The organisation highlighted that tech giants' practices included many "dormant" Facebook accounts, with which users scarcely interacted but still contained considerable amounts of personal data. In June 2024, Noyb lodged 11 complaints related to Meta AI with data protection authorities in various EU countries, including Poland’s Personal Data Protection Office (UODO).

Implementation of the new tool in the EU faces challenges

Following intervention by the Irish Data Protection Commission, Meta has halted the AI training on information from Facebook and Instagram users within the European Union. The Irish Commission, representing several European authorities in this matter, expressed satisfaction with this decision. It was simultaneously announced that discussions with the tech companies would continue.

"We’re disappointed by the request from the Irish Data Protection Commission (DPC), our lead regulator, on behalf of the European DPAs, to delay training our large language models (LLMs) using public content shared by adults on Facebook and Instagram — particularly since we incorporated regulatory feedback and the European DPAs have been informed since March," Meta stated in a report released in early June 2024. The company further noted that Meta AI "at this point" will not proceed with deployment in the European Union.

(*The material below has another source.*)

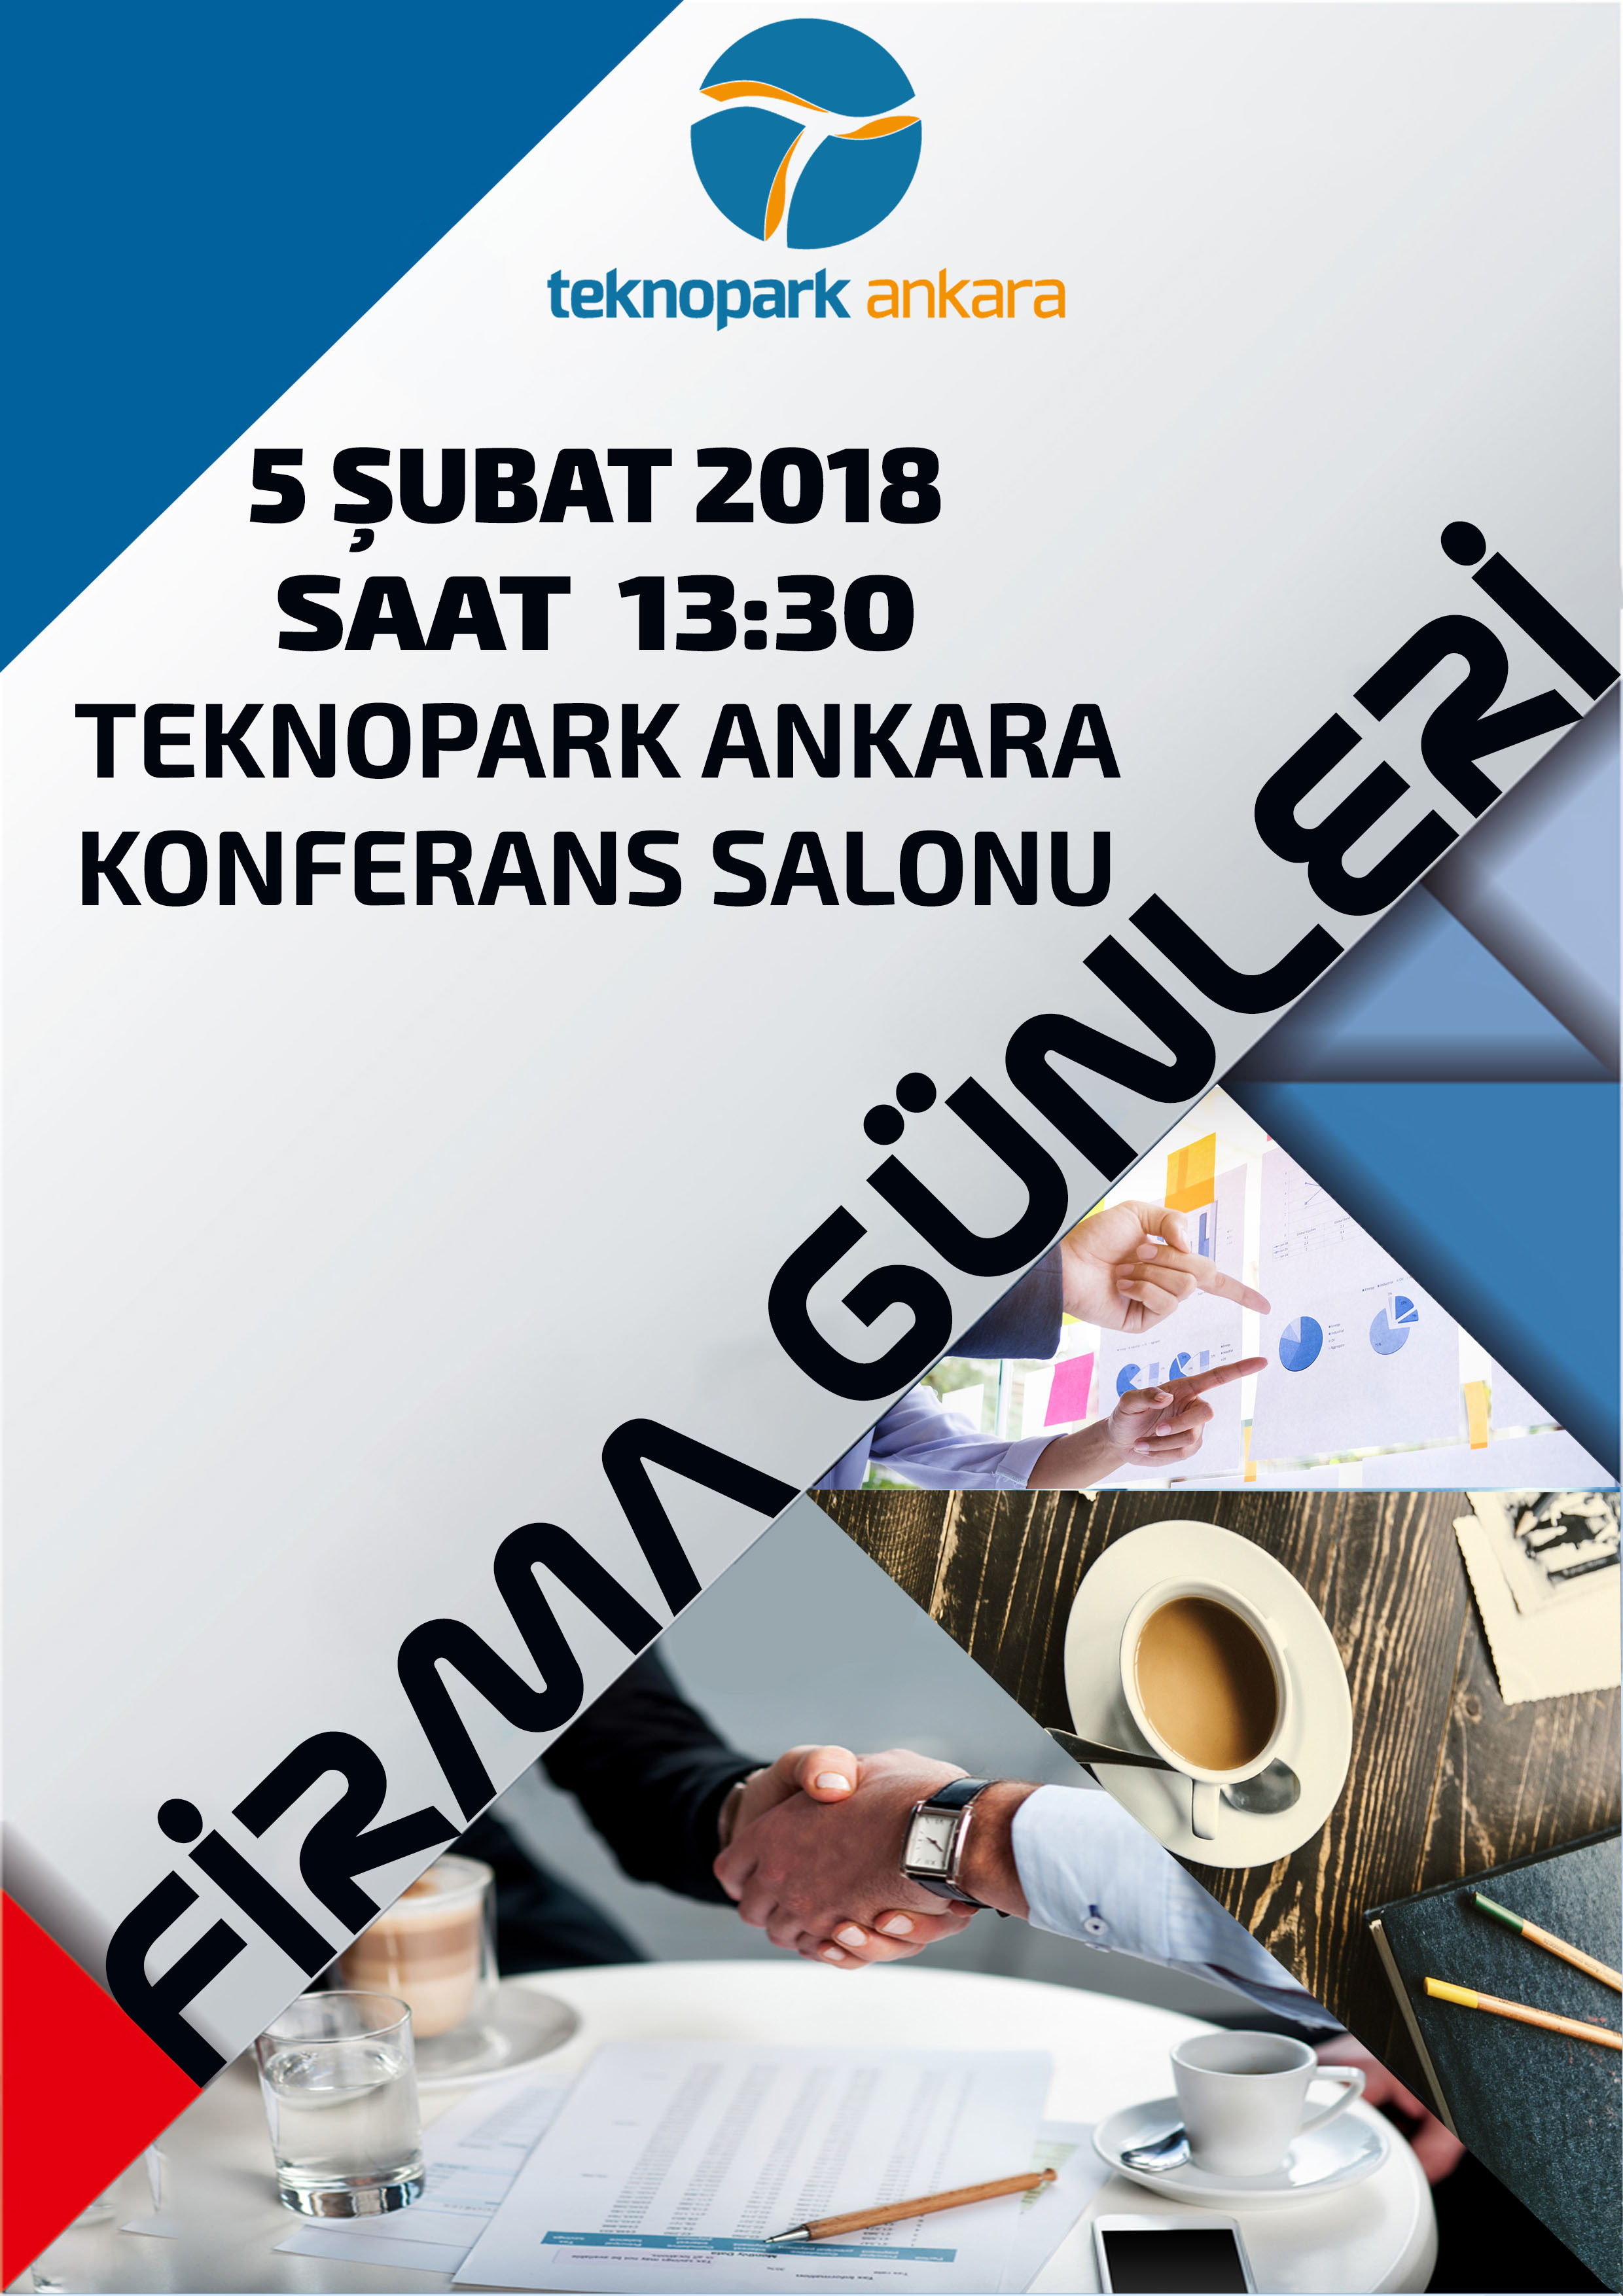 Teknopark Ankara olarak 5 Şubat 2018 günü tanışma etkinliği düzenlenecektir. Bu etkinliğimizde sizleri de aramızda görmekten mutluluk duyarız.

"We are honouring all European objections. If an objection form is submitted before Llama training begins, then that person’s data won’t be used to train those models, either in the current training round or in the future," Meta assured in June 2024.

Meta Platforms is an American corporation that owns social media and communication platforms, including Facebook, Instagram, Messenger, and WhatsApp. Meta AI is the research division of Meta Platforms that develops artificial intelligence and augmented reality (AR) technologies. In 2023, Meta AI launched a family of large language models under the name Llama, which has been updated multiple times since then.